American flags appear frequently throughout the ad. The Sanders campaign paraphernalia is predominantly blue, which is associated with the Democratic party. However, the color red, which is associated with the opposition Republican party, appears as an accent color in almost every shot.

The closing scene shows Sanders standing at a podium on a stage as supporters applaud behind him.

In the New York version, some scenes were replaced with scenes in New York (including the New Jersey turnpike) while also continued to add different scenes of everyday American life in the opening scene.

==Production==
The commercial was created by the advertising firm of Devine, Mulvey, Longabaugh. Use of the song was licensed by Simon and Garfunkel; licensing does not imply endorsement of the Sanders campaign. Garfunkel explained his reasons for permitting the campaign use of his song.

In an interview with Politico, two months after the ad debuted, Sanders advisor Tad Devine, attributing the original idea for the ad to fellow Sanders advisor Mark Longabaugh, said that this, the "best known" Sanders ad, worked so well because Sanders' wife, Jane, had seen an early cut and said: ‘Gee, I really love this, but when Bernie comes in it seems — you know, it loses a lot of altitude,’" causing the team to produce an ad that does not show Sanders making a speech until the final frame, and, thereby, an ad that shows the people Sanders is working for, not the candidate.

==Reception==
The New York Times pointed out that Bernie Sanders was 74 years old when the ad was released, the same age as Paul Simon and Art Garfunkel, and described the ad as "powerful" and "a love song to America." Rolling Stone called the ad "inspirational", The Hill called it "magnificent", Charlie Pierce said it was "just about the best political commercial I've ever seen", CNN praised it for being "so full of love, enthusiasm and patriotic uplift (complete with flag-waving) that it's downright goose bump-inducing", and Financial Times postulated that the ad would soften Sanders' "cantankerous, angry old man image."

The New York Times discusses the ad as part of Sanders' insistence that he is leading not a campaign, but a "movement", and predicts that the ad will stand out in a year filled with campaign ads "cluttered with deep-voiced narrators delivering somber warnings, harsh attacks and swaggering boasts", contrasting it in particular with a Hillary Clinton campaign ad released the same week.
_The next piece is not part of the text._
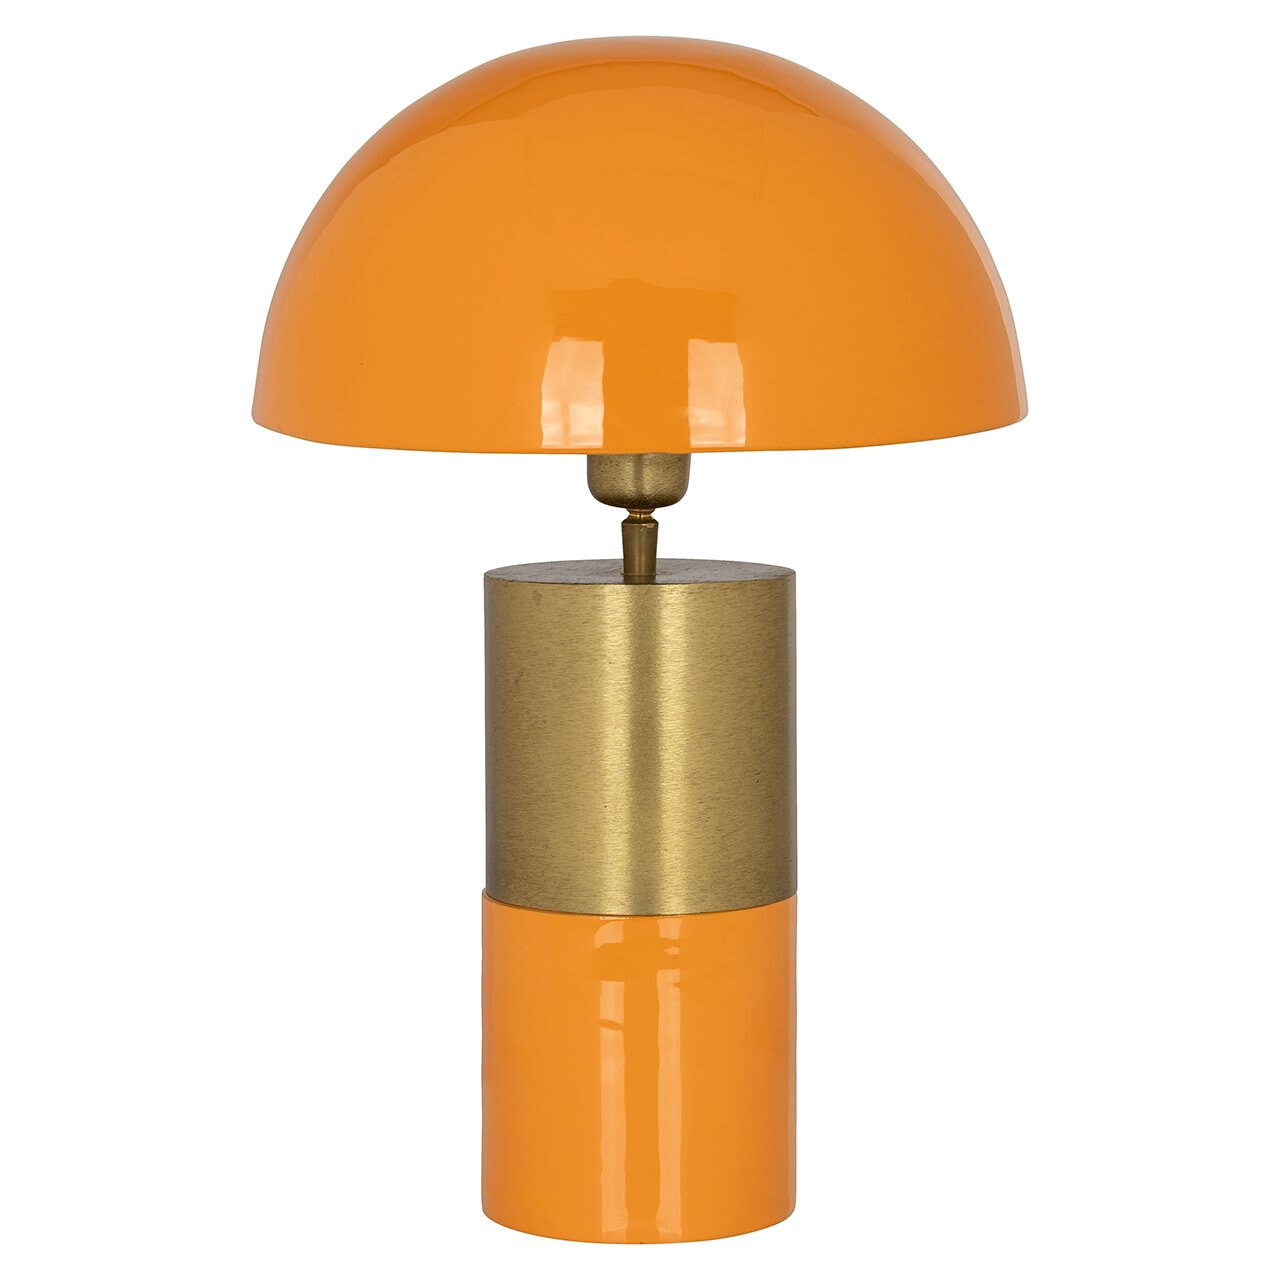 Richmond Tafellamp Twilla 45cm hoog - Oranje/Goud

The ad, created to be shown in the early caucus and primary in Iowa and New Hampshire (predominantly white and rural states), was criticized for showing a mostly white, rural America, with Clinton supporter David Brock asserting the ad shows "black lives don't matter much to Bernie Sanders."

===Cultural impact===
The original version of the ad received a million views on YouTube within 24 hours of being posted there. It made the AdWeek list of top-ten most-watched advertisement for January 2016, and a panel put together by the magazine in late February describe it as the "most successful" ad in the Democratic campaign to date, attributing the success to the fact that it taps into "what people are feeling" and "concerns possibilities and optimism."

According to Amy E. Jasperson, who chairs the department of political science department at Rhodes College, the ad is powerful because "[t]he song starts out slowly while the ad shows individual images of small towns, urban landscapes, ordinary people, farmers, and families... as the song builds, the people are brought together. By the end of the ad and the song, the viewer hears and sees the crescendo of huge, cheering, unified crowds." According to Jaserperson, "the aspirational lyrics and tone also reference a common search for where people feel we should be going as a country... This ad suggests that Sanders can lead people to that answer."

Wired cites it as a leading example of the kind of alternative, online material that is proving more influential than traditional television ads in the 2016 campaign. While Bill McKibben cites it as evidence of why the impact of the Sanders campaign will "endure."